(Recorded data)
- - - - -
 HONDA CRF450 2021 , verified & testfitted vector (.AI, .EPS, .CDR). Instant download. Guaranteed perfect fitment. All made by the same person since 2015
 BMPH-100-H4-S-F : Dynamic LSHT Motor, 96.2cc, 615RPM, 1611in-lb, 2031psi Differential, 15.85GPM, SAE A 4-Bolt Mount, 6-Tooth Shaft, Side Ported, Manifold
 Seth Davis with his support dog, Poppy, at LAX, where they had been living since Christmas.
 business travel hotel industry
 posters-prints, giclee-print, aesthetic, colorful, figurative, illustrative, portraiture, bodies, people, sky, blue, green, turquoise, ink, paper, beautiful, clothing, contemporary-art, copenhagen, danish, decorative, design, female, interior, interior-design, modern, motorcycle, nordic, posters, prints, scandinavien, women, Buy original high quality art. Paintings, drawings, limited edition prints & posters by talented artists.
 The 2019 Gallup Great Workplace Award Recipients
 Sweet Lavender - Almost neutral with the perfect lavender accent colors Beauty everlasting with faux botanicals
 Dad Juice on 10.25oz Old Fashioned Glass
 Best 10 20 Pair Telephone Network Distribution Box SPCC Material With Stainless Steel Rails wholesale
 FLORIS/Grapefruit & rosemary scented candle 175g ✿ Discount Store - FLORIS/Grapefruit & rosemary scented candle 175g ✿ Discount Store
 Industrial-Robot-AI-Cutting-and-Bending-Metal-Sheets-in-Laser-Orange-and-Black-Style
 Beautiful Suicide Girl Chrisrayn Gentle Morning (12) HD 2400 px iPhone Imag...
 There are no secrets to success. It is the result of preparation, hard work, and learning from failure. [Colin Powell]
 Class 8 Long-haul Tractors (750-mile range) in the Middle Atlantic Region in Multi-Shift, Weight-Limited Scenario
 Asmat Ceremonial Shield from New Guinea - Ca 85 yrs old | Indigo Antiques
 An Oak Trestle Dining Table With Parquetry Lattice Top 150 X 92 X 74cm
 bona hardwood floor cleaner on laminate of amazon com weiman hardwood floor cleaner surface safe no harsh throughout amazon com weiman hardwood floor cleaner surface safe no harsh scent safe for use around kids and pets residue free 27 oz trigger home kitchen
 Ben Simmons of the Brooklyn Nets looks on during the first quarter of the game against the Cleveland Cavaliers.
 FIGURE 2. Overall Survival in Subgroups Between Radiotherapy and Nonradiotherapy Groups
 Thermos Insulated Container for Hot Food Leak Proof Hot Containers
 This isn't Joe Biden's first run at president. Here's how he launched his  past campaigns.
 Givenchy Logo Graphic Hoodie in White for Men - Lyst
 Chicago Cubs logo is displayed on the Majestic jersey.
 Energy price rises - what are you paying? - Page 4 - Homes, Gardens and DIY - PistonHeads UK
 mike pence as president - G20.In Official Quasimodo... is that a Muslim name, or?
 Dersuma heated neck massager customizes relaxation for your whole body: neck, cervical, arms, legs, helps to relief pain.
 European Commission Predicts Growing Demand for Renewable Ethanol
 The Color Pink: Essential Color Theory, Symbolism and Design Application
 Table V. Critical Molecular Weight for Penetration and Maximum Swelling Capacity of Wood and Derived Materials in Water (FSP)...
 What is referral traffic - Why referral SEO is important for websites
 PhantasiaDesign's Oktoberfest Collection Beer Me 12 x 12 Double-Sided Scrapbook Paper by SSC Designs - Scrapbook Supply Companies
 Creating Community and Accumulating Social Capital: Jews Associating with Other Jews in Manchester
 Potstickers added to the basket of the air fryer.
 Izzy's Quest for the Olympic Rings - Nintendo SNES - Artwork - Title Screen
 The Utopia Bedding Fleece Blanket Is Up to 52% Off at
- - - - -
(ASSIGNMENT) An exact repeat of the lines from the one containing "Izzy's Quest for" through the final line of the entries is the whole answer.

(EXPECTED OUTPUT)
 Izzy's Quest for the Olympic Rings - Nintendo SNES - Artwork - Title Screen
 The Utopia Bedding Fleece Blanket Is Up to 52% Off at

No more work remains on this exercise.